A cúpula dos BRICS e o boicote da mídia ocidental
A cada ano, quando chega a época da Cúpula Presidencial dos BRICS – a
quarta edição desse encontro acaba de terminar em Nova Delhi, a capital
indiana – torna-se cada vez mais evidente, para o observador atento, o
patético esforço da mídia “ocidental” (entre ela boa parte da nossa
própria imprensa) de desconstruir a imagem de uma aliança geopólítica
que reúne quatro das cinco maiores nações do planeta em território,
recursos naturais e população e que está destinada a modificar a o
equilíbrio de poder no mundo, no século XXI.
Essa estratégia – com a relativa exceção dos meios especializados em
economia - vai de simplesmente ignorar o encontro, à tentativa de
diminuir sua importância, ou semear dúvidas sobre a unidade dos
principais países emergentes, tentando ressaltar suas diferenças, no
lugar do reconhecer o que realmente importa: a política comum dos BRICS
de oposição à postura neocolonial de uma Europa e de um EUA cada vez
mais instáveis, que se debatem com um franco processo de decadência
econômica, diplomática e social.
Para isso, a mídia ocidental – incluindo a “nossa” - ignora os despachos
das agências oficiais dos BRICS, principalmente as russas e as
chinesas, que ressaltam a importância do Grupo e de suas iniciativas
para suas próprias nações – o Brasil inexplicavelmente ainda não possui
serviços noticiosos em outros idiomas, coisa que até mesmo Angola
utiliza, e muito bem – e se concentra em procurar e entrevistar
observadores “ocidentais” ou pró-ocidentais situados em esses países,
que se dedicam a repetir a cantilena da “impossibilidade” do
estabelecimento de uma aliança geopolítica de fato entre o Brasil, a
Rússia, a Índia, a China e a África do Sul, baseados nos seguintes
argumentos:
- A “distância” entre o Brasil, a África do Sul, e a Rússia, a índia e a China, como se em um mundo em que a informação é instantânea e um míssil atinge qualquer ponto do globo em menos de quatro horas, isso tivesse a menor importância.
- O fato de a África do Sul, o Brasil e a Índia serem democracias, e a China e a Rússia não serem democracias “plenas ” segundo o elástico conceito ocidental, que não considera a Venezuela uma democracia “plena”, mas o Kuwait ou a Arábia Saudita – autocracias herdadas e governadas pelo direito de sangue - sim.
- A concorrência da Índia, da China e da índia no espaço asiático, como se esses três países não cooperassem, até mesmo no campo militar, e não mantivessem reuniões, há muitos anos, para resolução de problemas eventuais.
- A rotulagem desses países em “exportadores de commodities” como a Rússia e o Brasil, “provedores de serviços”, como a India, e “fábricas do mundo”, como a China, como se essa situação, caso fosse verdadeira, não pudesse ser usada a favor de uma aliança intercomplementar, ou como se Rússia, Brasil e índia também não produzissem manufaturados, e entre eles produtos industriais avançados, como aviões, por exemplo.
É óbvio que uma aliança como os BRICS, que reúne um terço do território
mundial, 25% do PIB, e praticamente a metade da população humana não se
consolidará, política e militarmente, de uma hora para a outra.
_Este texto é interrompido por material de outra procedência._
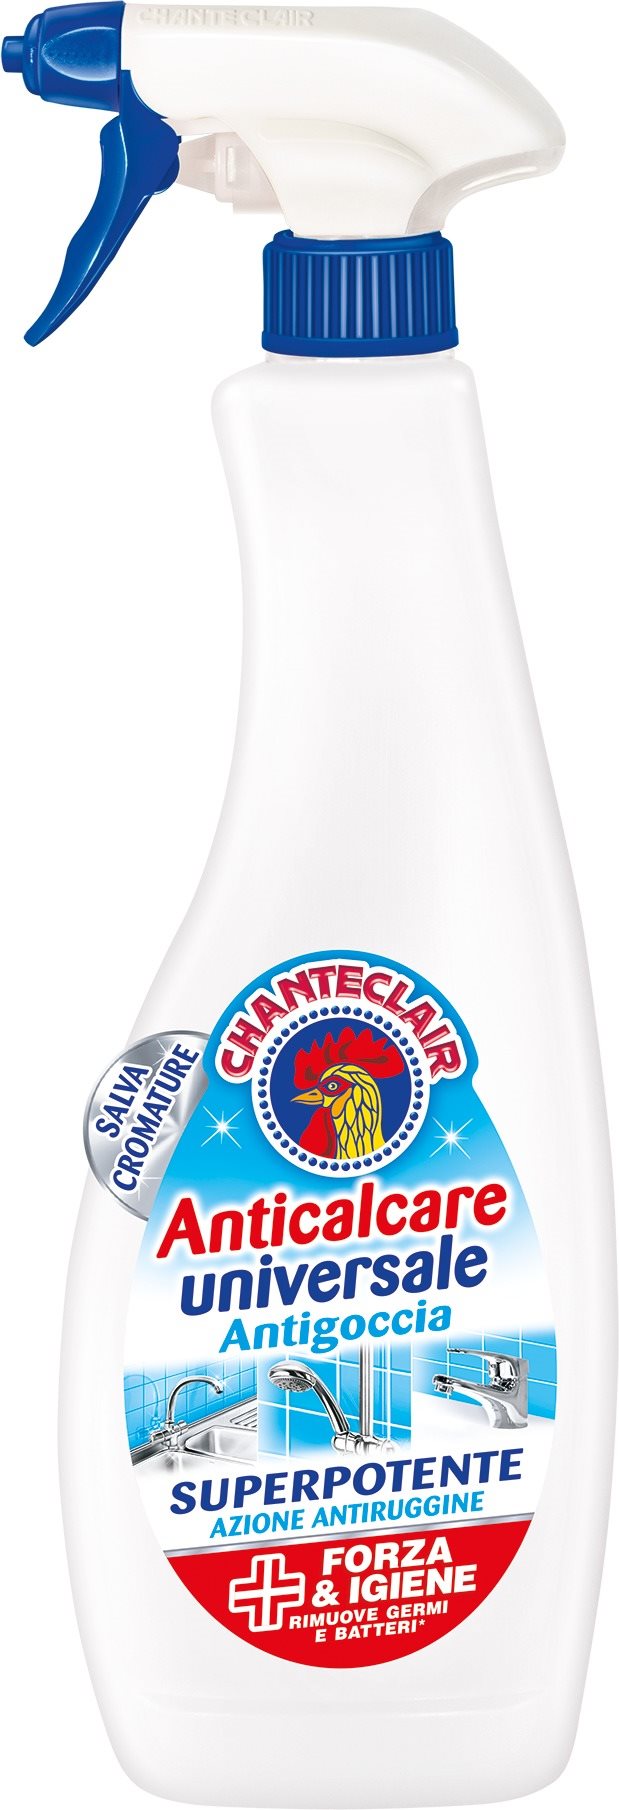 Tisztítószer CHANTE CLAIR Anticalcare Antigoccia Rozsda- és vízkőoldó tisztító 625 ml

Mas
também é igualmente claro, que não se trata de um grupo heterogêneo de
nações que não tenham nada a ver uma com a outra.
Se assim fosse, o Brasil não estaria fornecendo aviões-radares para a
índia, não estaríamos desenvolvendo mísseis ar-ar e terra-ar com a DENEL
sul-africana, ou comprando helicópteros russos de combate, ou não
teríamos, há anos, um programa de satélites de sensoriamento remoto com a
China.
O primeiro traço comum entre os grandes “brics” como a Rússia, a China, a
índia e o Brasil, e, em menor grau, a África do Sul, é, como demonstra a
sua oposição à política ocidental para com a Libia e a Siria, o
respeito ao princípio de não intervenção.
Porque o Brasil, a Rússia, a índia, a China, não aceitam que se
intervenha em terceiros países, em função de questões relacionadas aos
“direitos humanos”, por exemplo, ou devido à questão nuclear ?
Porque, como são países que prezam a sua soberania, não aceitam que,
amanhã, o mesmo “ocidente” que hoje ataca a Libia, a Siria, ou o Irã,
venha se unir contra um deles, qualquer deles, por causa de outras
questões, como poderia acontecer conosco, eventualmente, no caso dos “
direitos” indígenas, ou da defesa da Amazônia, o “pulmão do mundo”.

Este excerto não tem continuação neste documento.